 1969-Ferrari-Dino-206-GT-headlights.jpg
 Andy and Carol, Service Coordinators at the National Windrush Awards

_ _ _ _

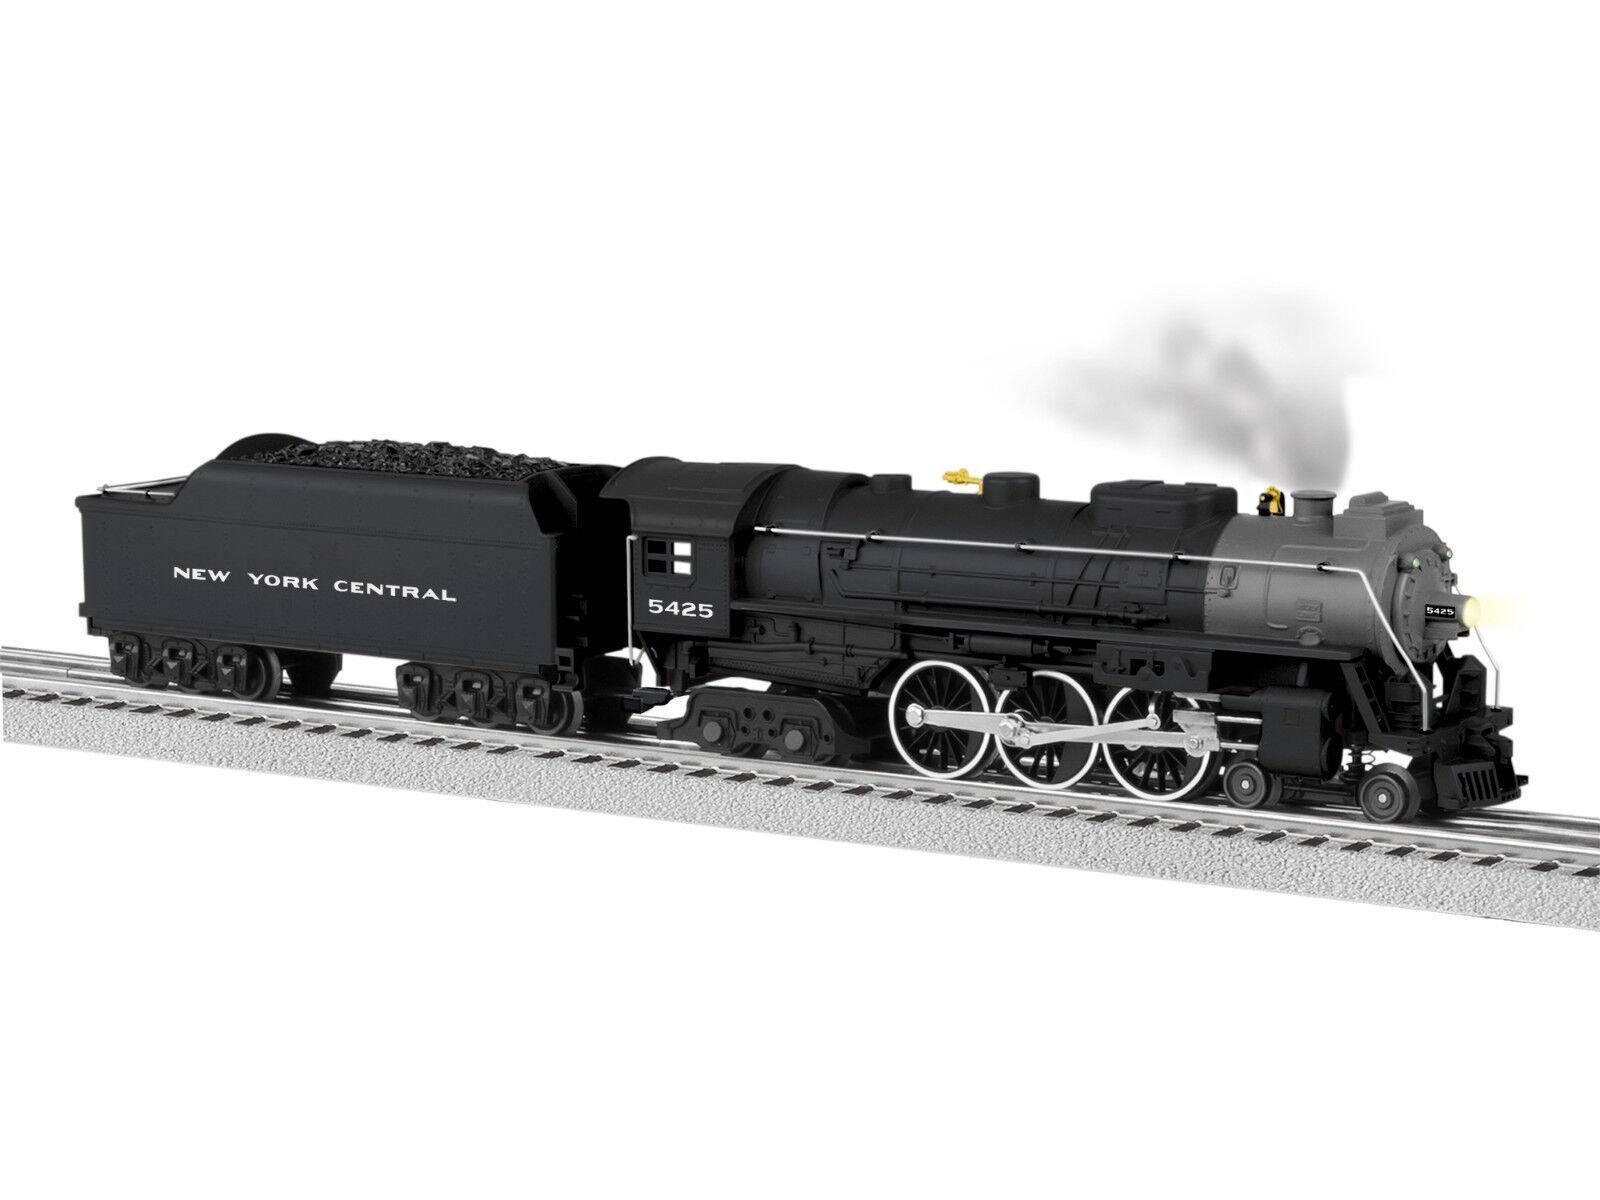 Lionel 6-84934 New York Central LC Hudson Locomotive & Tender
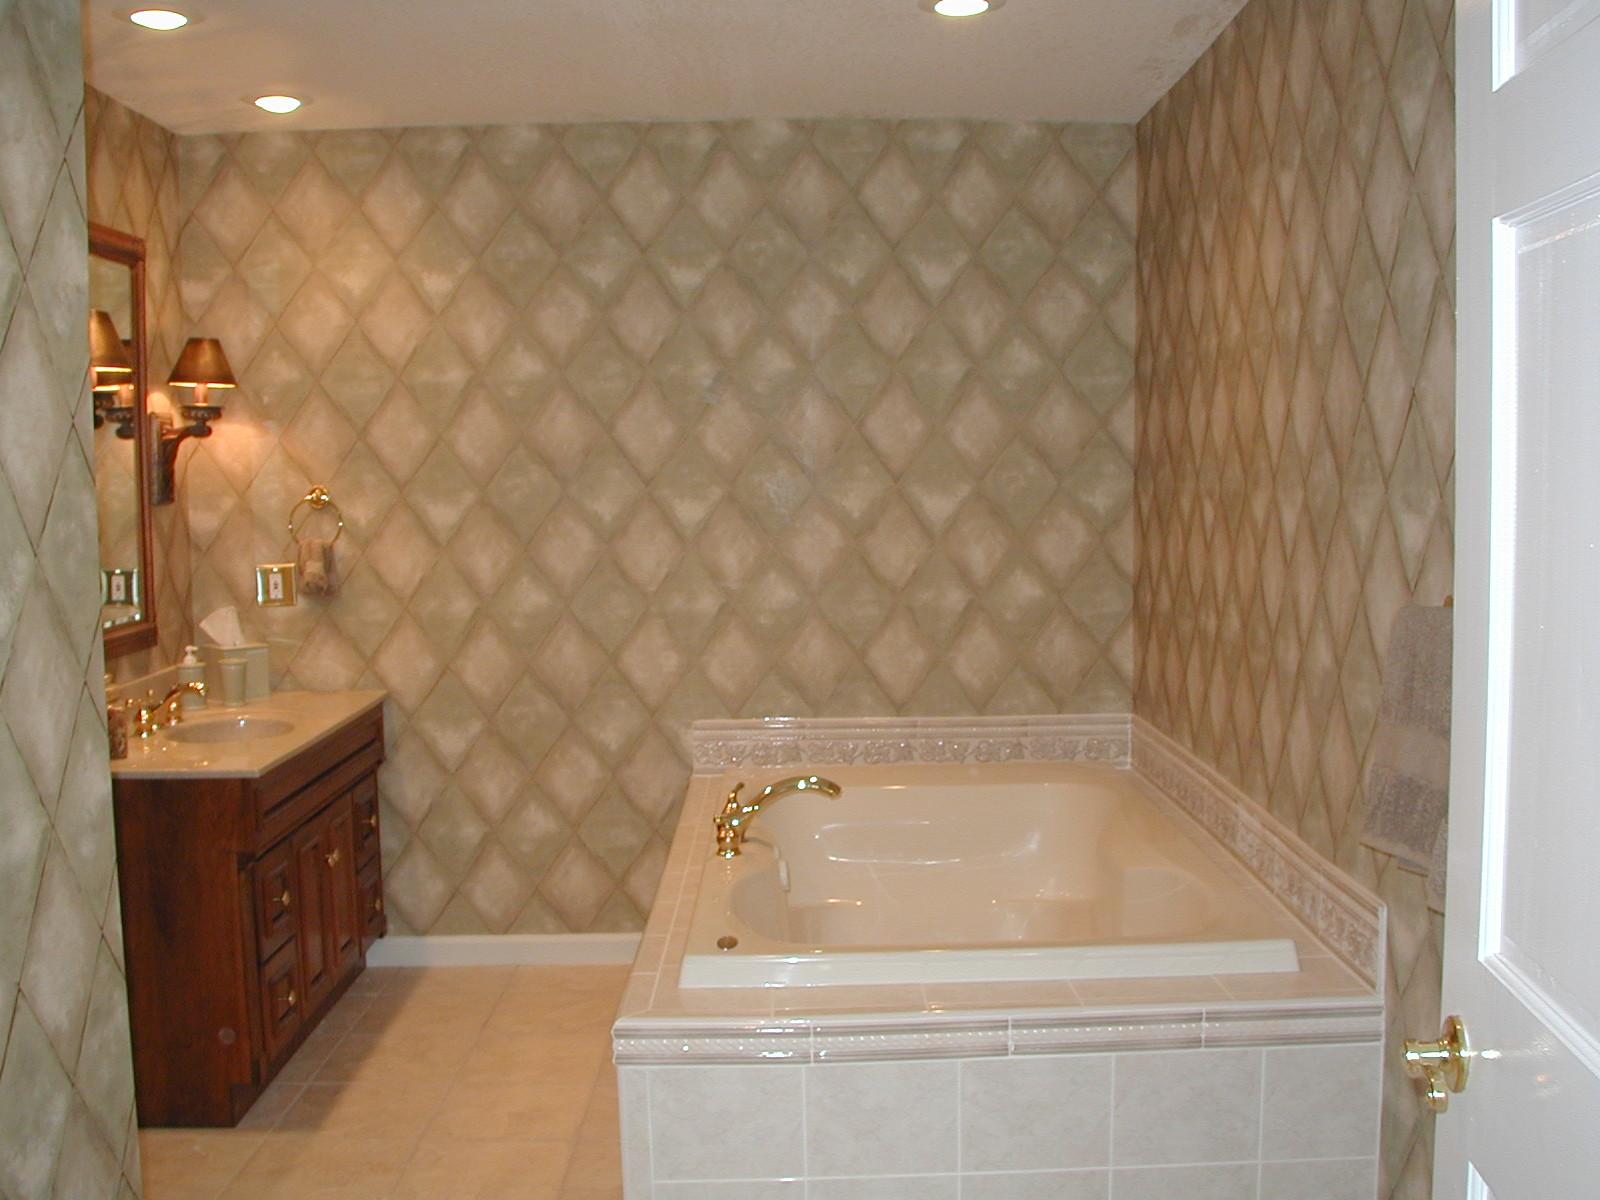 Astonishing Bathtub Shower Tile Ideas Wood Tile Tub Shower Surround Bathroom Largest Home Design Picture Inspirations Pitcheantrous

_ _ _ _

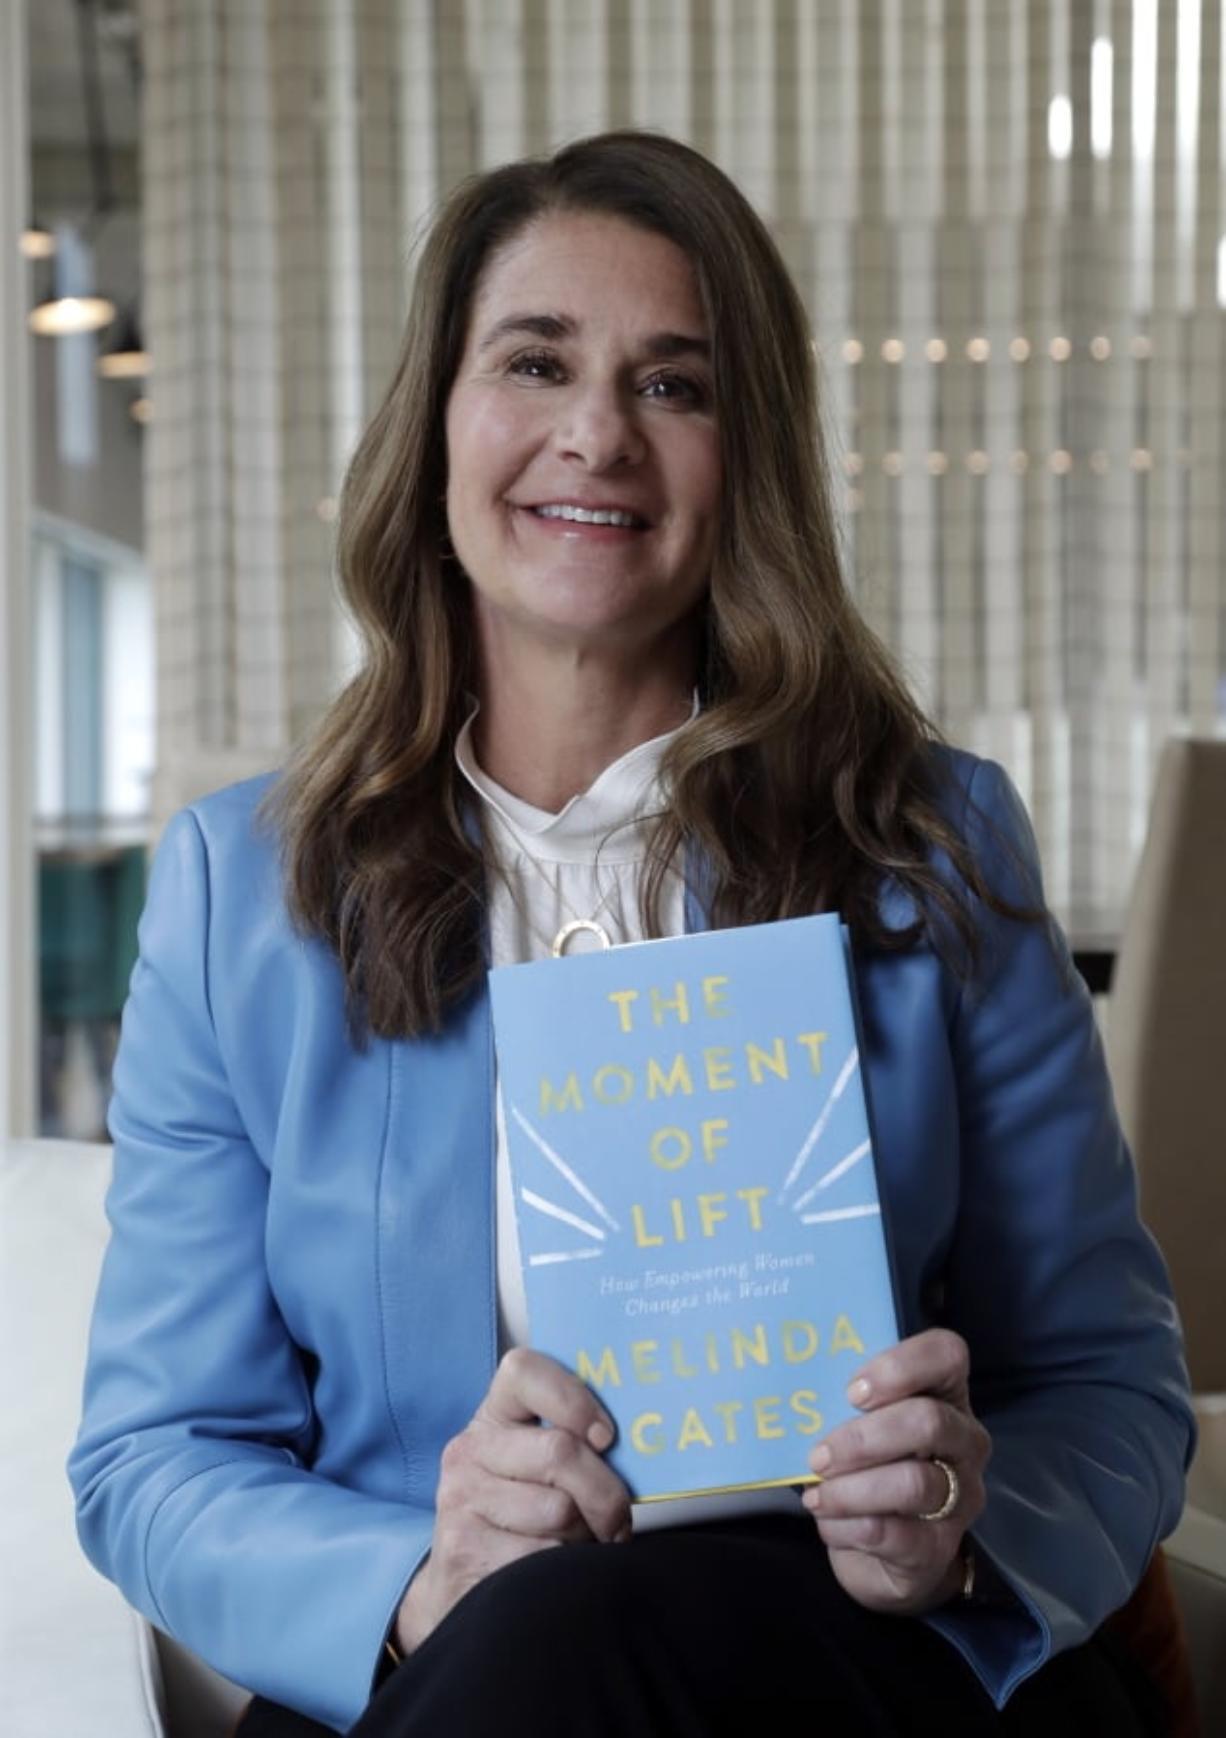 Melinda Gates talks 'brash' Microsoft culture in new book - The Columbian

_ _ _ _

In the entries above, find the line holding "1969-Ferrari-Dino-206-GT-headlights.jpg" and the line holding "Andy and Carol, Service"; print both of them and every line between, exactly, and nothing else.

## Answer to this task:
 1969-Ferrari-Dino-206-GT-headlights.jpg
 Andy and Carol, Service Coordinators at the National Windrush Awards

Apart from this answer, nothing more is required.